:: ASSIGNMENT ::
Print the data below again in full, exactly as it stands, with no images.

:: DATA PROVIDED ::
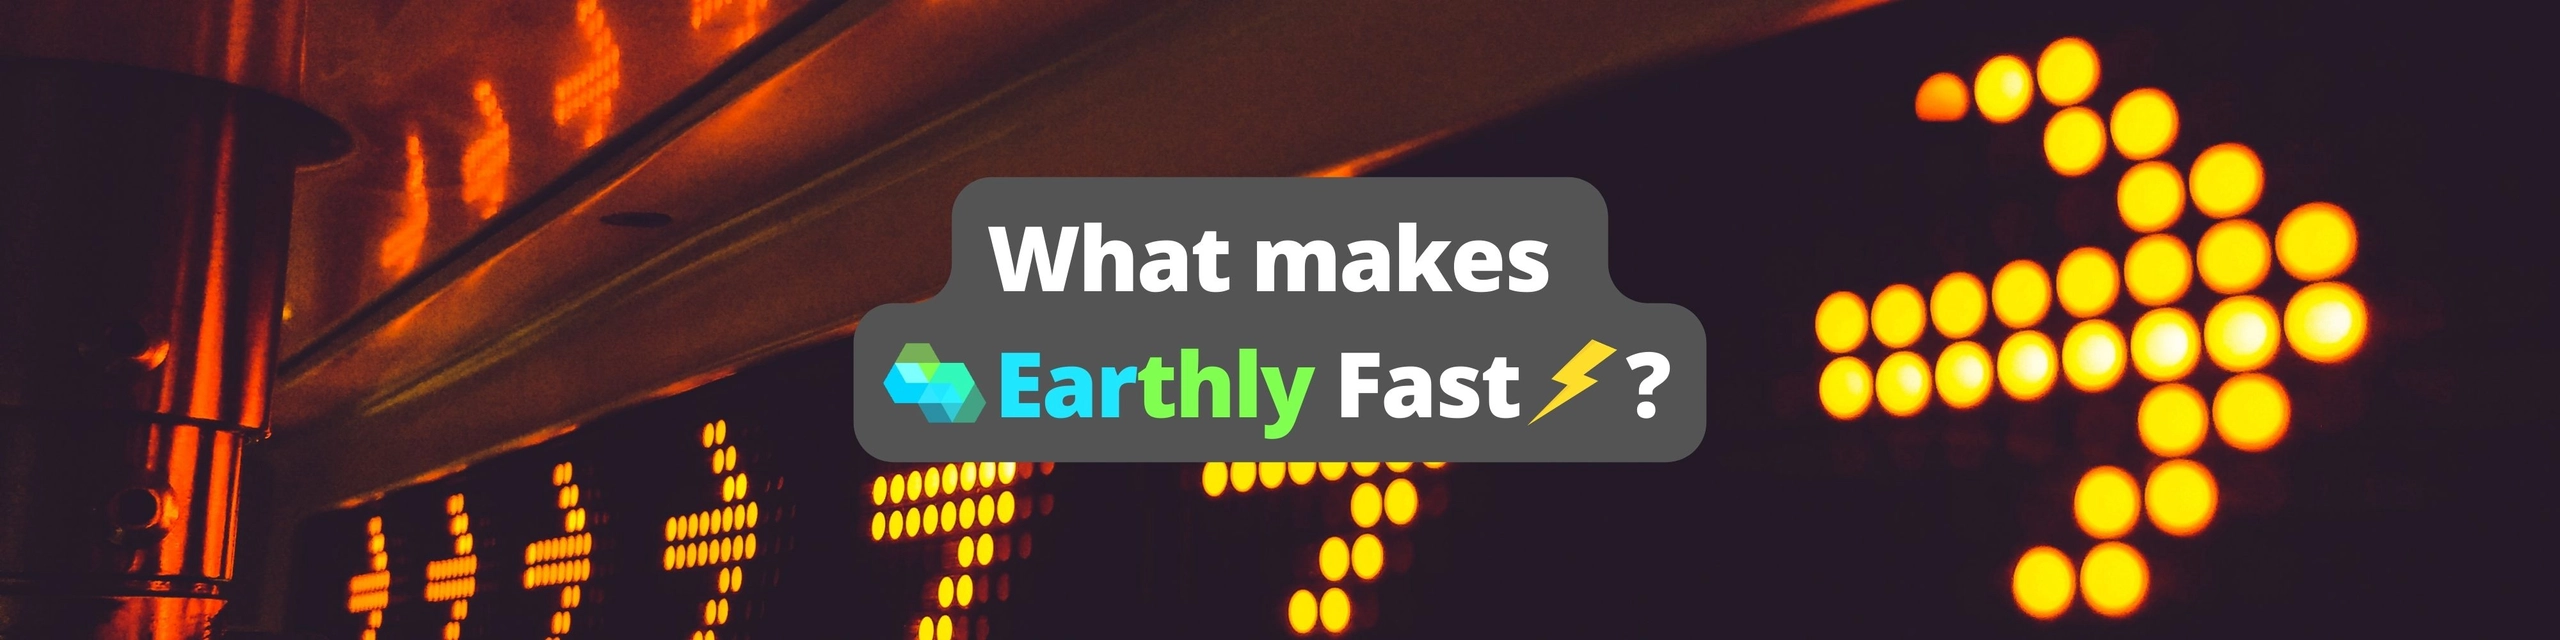 What makes Earthly fast
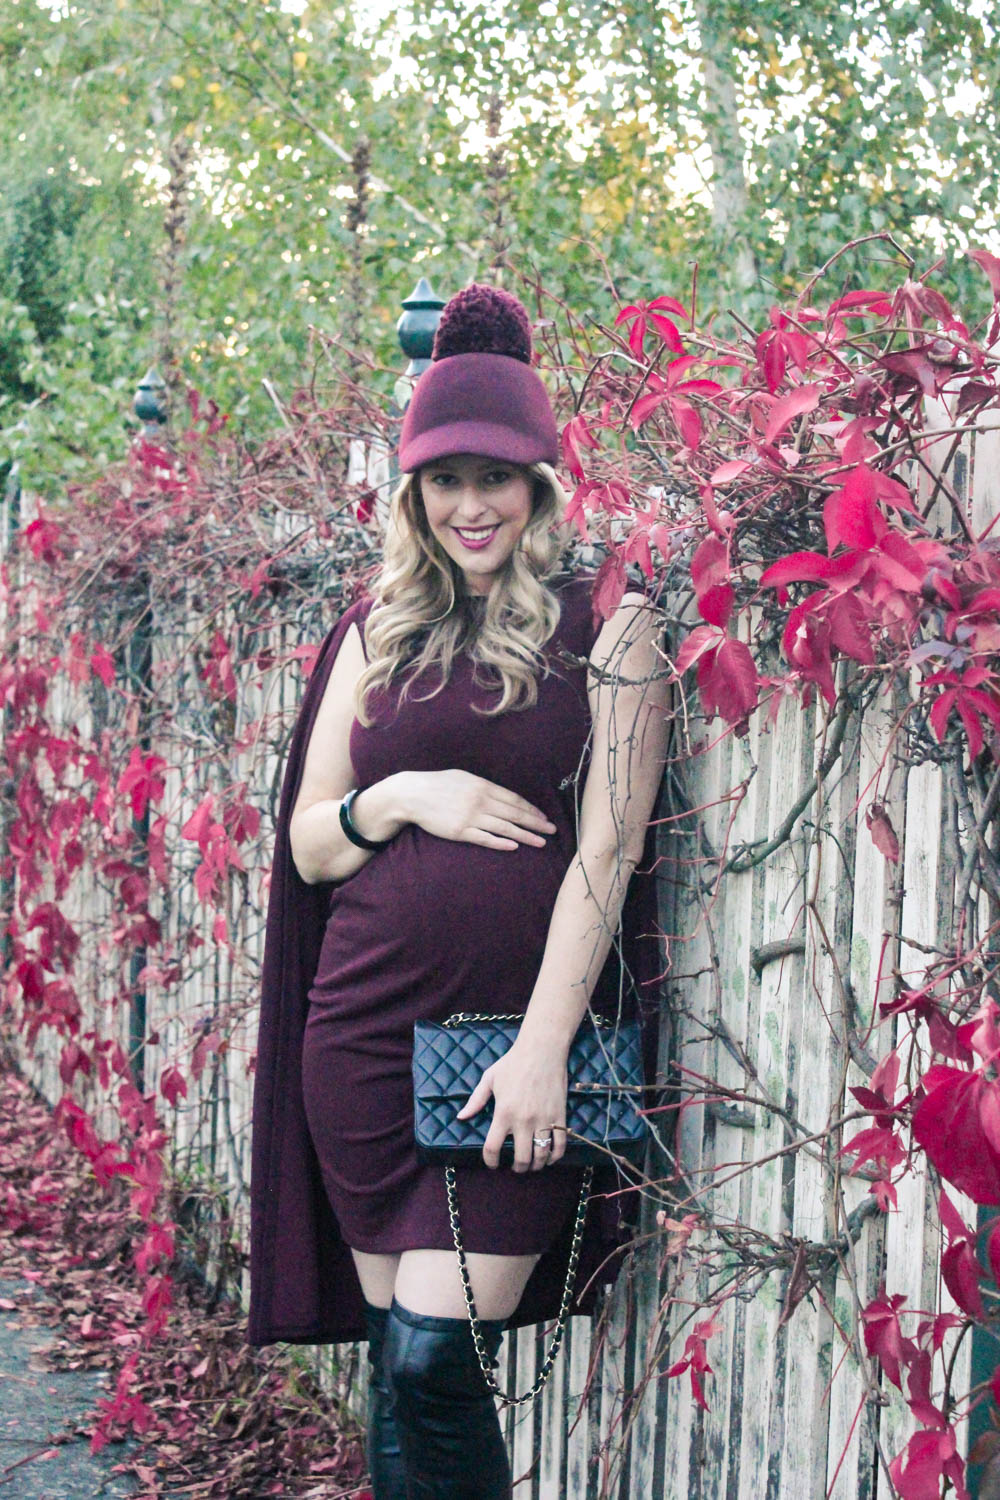 Visit the Goldfields Girl blog for more maternity style tips
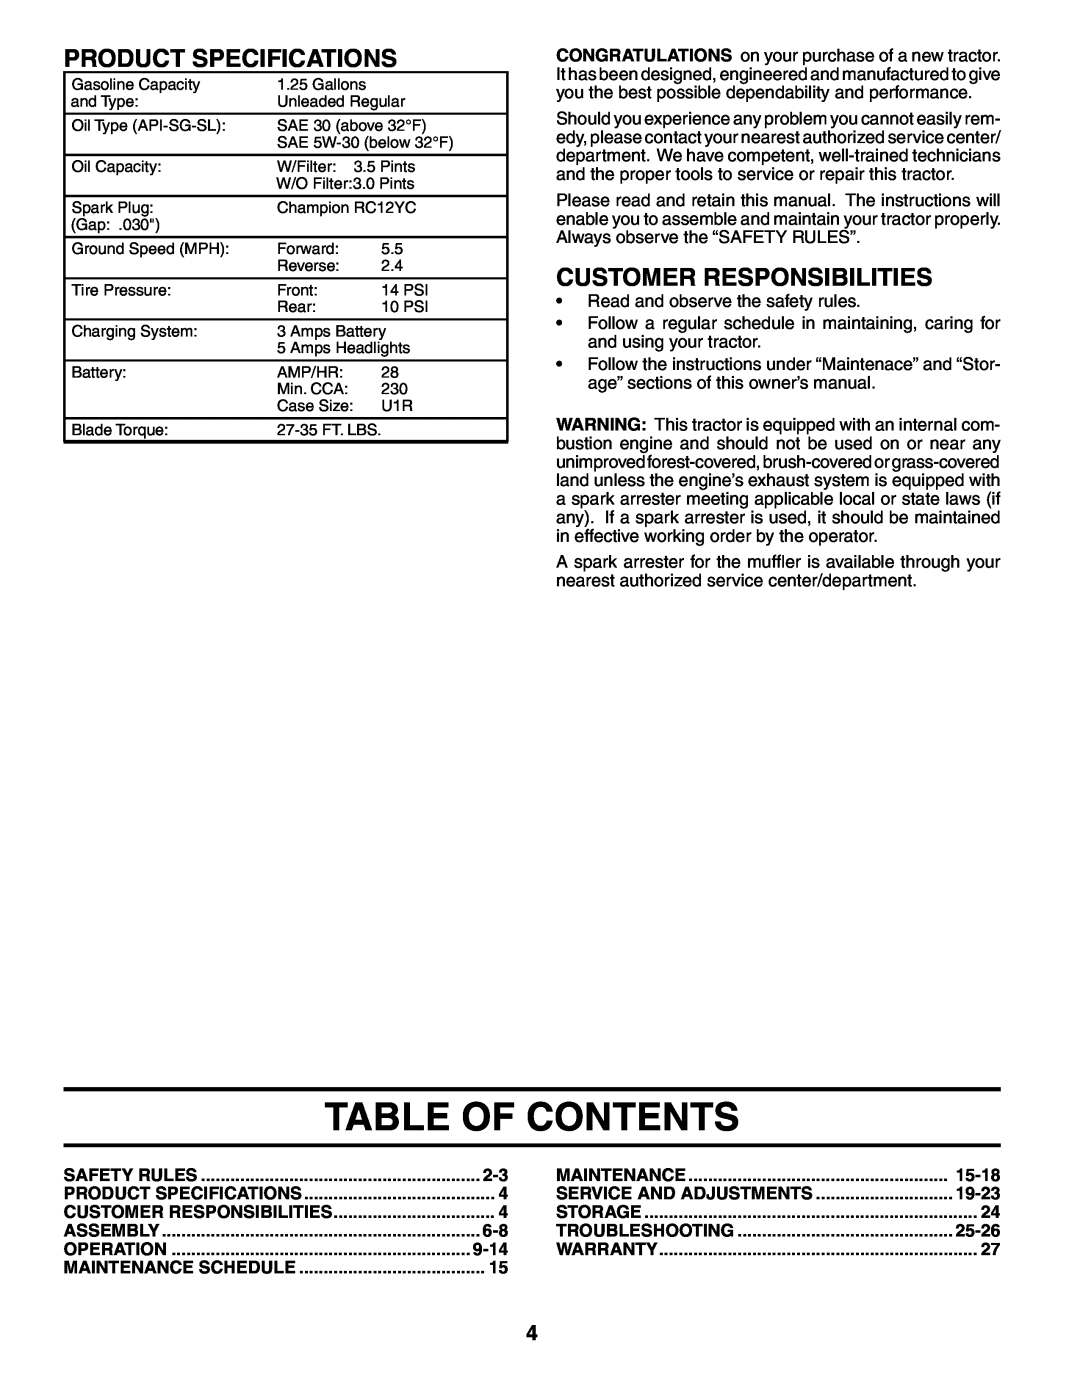 Poulan 194563 manual Table Of Contents, Product Specifications, Customer Responsibilities, 9-14, 15-18, 19-23, 25-26

:: PROBLEM SOLUTION ::
 What makes Earthly fast
 Visit the Goldfields Girl blog for more maternity style tips
 Poulan 194563 manual Table Of Contents, Product Specifications, Customer Responsibilities, 9-14, 15-18, 19-23, 25-26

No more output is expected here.